На нарах с Дядей Сэмом — страница 34 из 144

Сказочная удача. И все благодаря авторитету уважаемого и опытного защитника.

«Бригадир» провел восемь месяцев в бруклинском централе MDC, а сейчас заканчивал «делать срок» у нас в Форте-Фикс. После этого ему светила депортация на родину, прямехонько на родной Крещатик, где «деревья выше и трава зеленее».

С самых первых шагов Америка и Зиновий Малий не полюбили друг друга, и, кроме родных людей, их ничто не объединяло. Как говорится, «не сошлись характерами!»
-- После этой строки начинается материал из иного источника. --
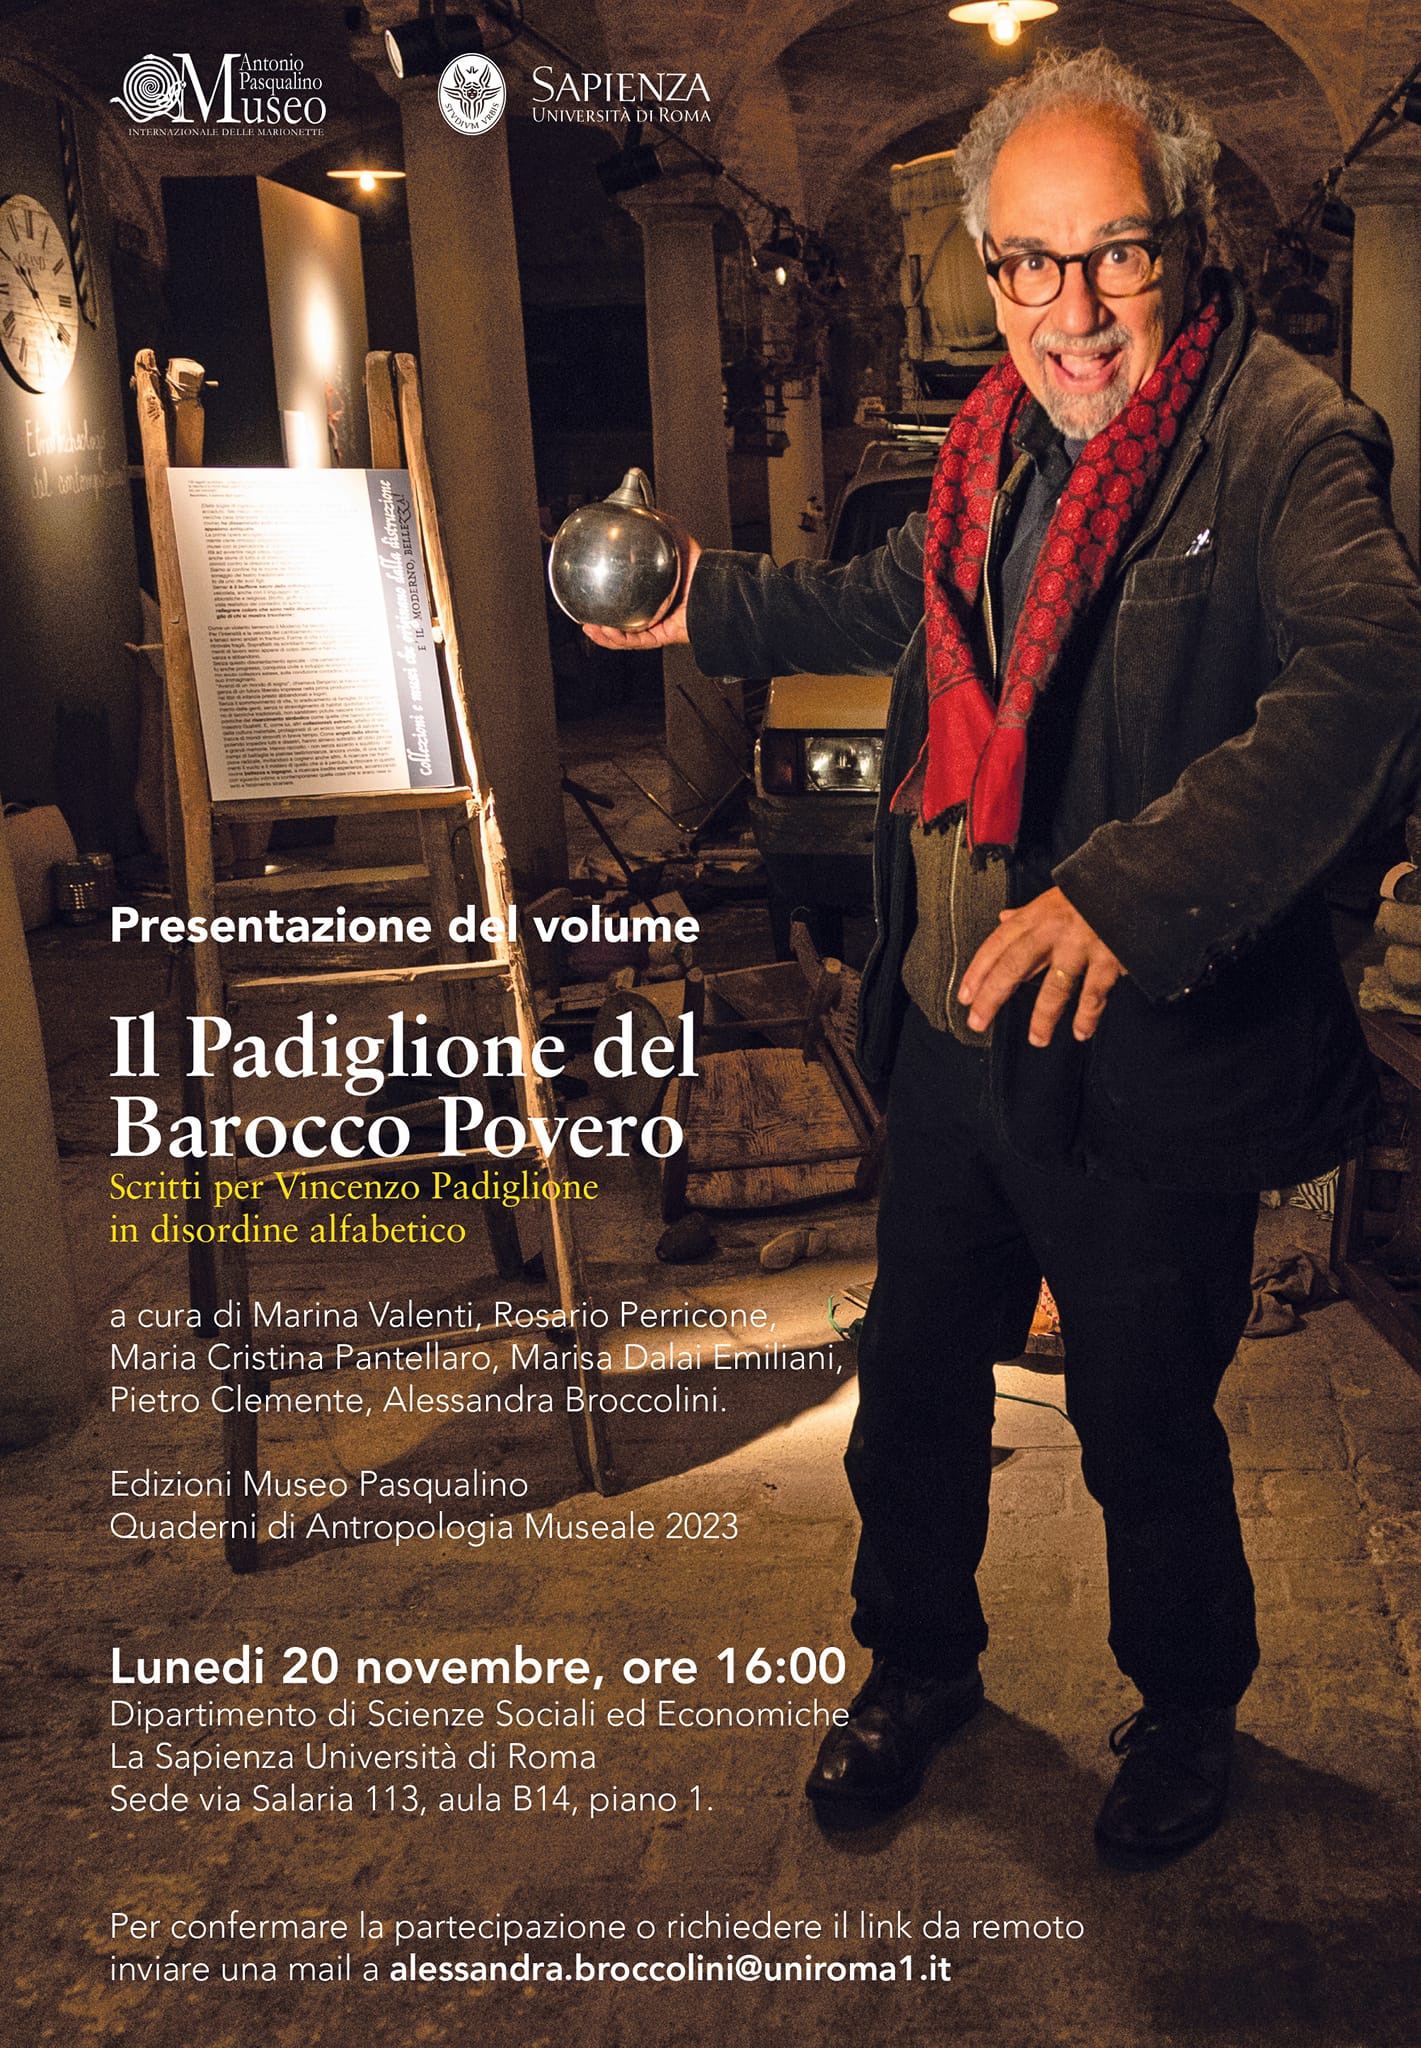 Il Padiglione del Barocco Povero, presentazione del 20 novembre 2023

В тюрьме Зиновий (Зи, Зюня, Зяма, Зина) числился на самой блатной работе – в вечернем отряде бездельников на уборке территории. Члены команды «ух» не делали ничего, а лишь отмечались у дежурного по зоне.

По утрам он ходил в тренажерку, в дневное время постоянно дулся в карты, а вечером прогуливался, если позволяла погода.
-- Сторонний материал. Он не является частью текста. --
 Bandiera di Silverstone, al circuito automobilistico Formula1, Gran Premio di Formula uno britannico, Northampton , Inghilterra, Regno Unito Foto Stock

По выходным Зюня играл в футбол по-американски – саккер. Сказывался физкультурный факультет Киевского пединститута.

Его наперебой приглашали в наши местные тюремные команды: «Лучшие из Европы», «Дьяволы из Сальвадора», «Сборная Колумбии», «Китайские атлеты», «Бразильские крылья», «Западное побережье».

Зина предпочитал быть вратарем. Гулливером у говорливых лилипутов из «сборной Центральной Америки». Те уважительно обращались к не знавшему ни английского, ни испанского Зиновию – «Ruso»[172].

В морально-политическом плане гангстер Zi был махровым русофилом и агрессивным апологетом Владимира Путина и как другой Владимир, Жириновский – пламенным недругом США.

Ему раз и навсегда промыли мозги в комитетах ВЛКСМ армейского стройбата, индустриального техникума и пединститута. Я бы не удивился, увидев на дверце его шкафа вместо глянцевых полуголых теток из журналов фотографию усатого генералиссимуса с трубкой в руке. Как некогда у водителей-дальнобойщиков.

Взгляды, познания и мировосприятие криминального «гомо советикуса» меня поражали!

Через какое-то время я перестал с ним о чем-либо спорить. Во всем остальном мой тюремный друг Зина, как и Владимир Ильич, был «самым человечным человеком».

У нас с ним получалось совсем неплохо исполнять дуэтом старые советские песни, начиная с детских «Бременских музыкантов» и заканчивая «Не плачь, девчонка» Владимира Шаинского.

А один раз мы совместно провели сутки в двухместной холодной камере тюремного штрафного изолятора. Полночи мы громко пели, пугая соседей и вызывая недовольство охраны.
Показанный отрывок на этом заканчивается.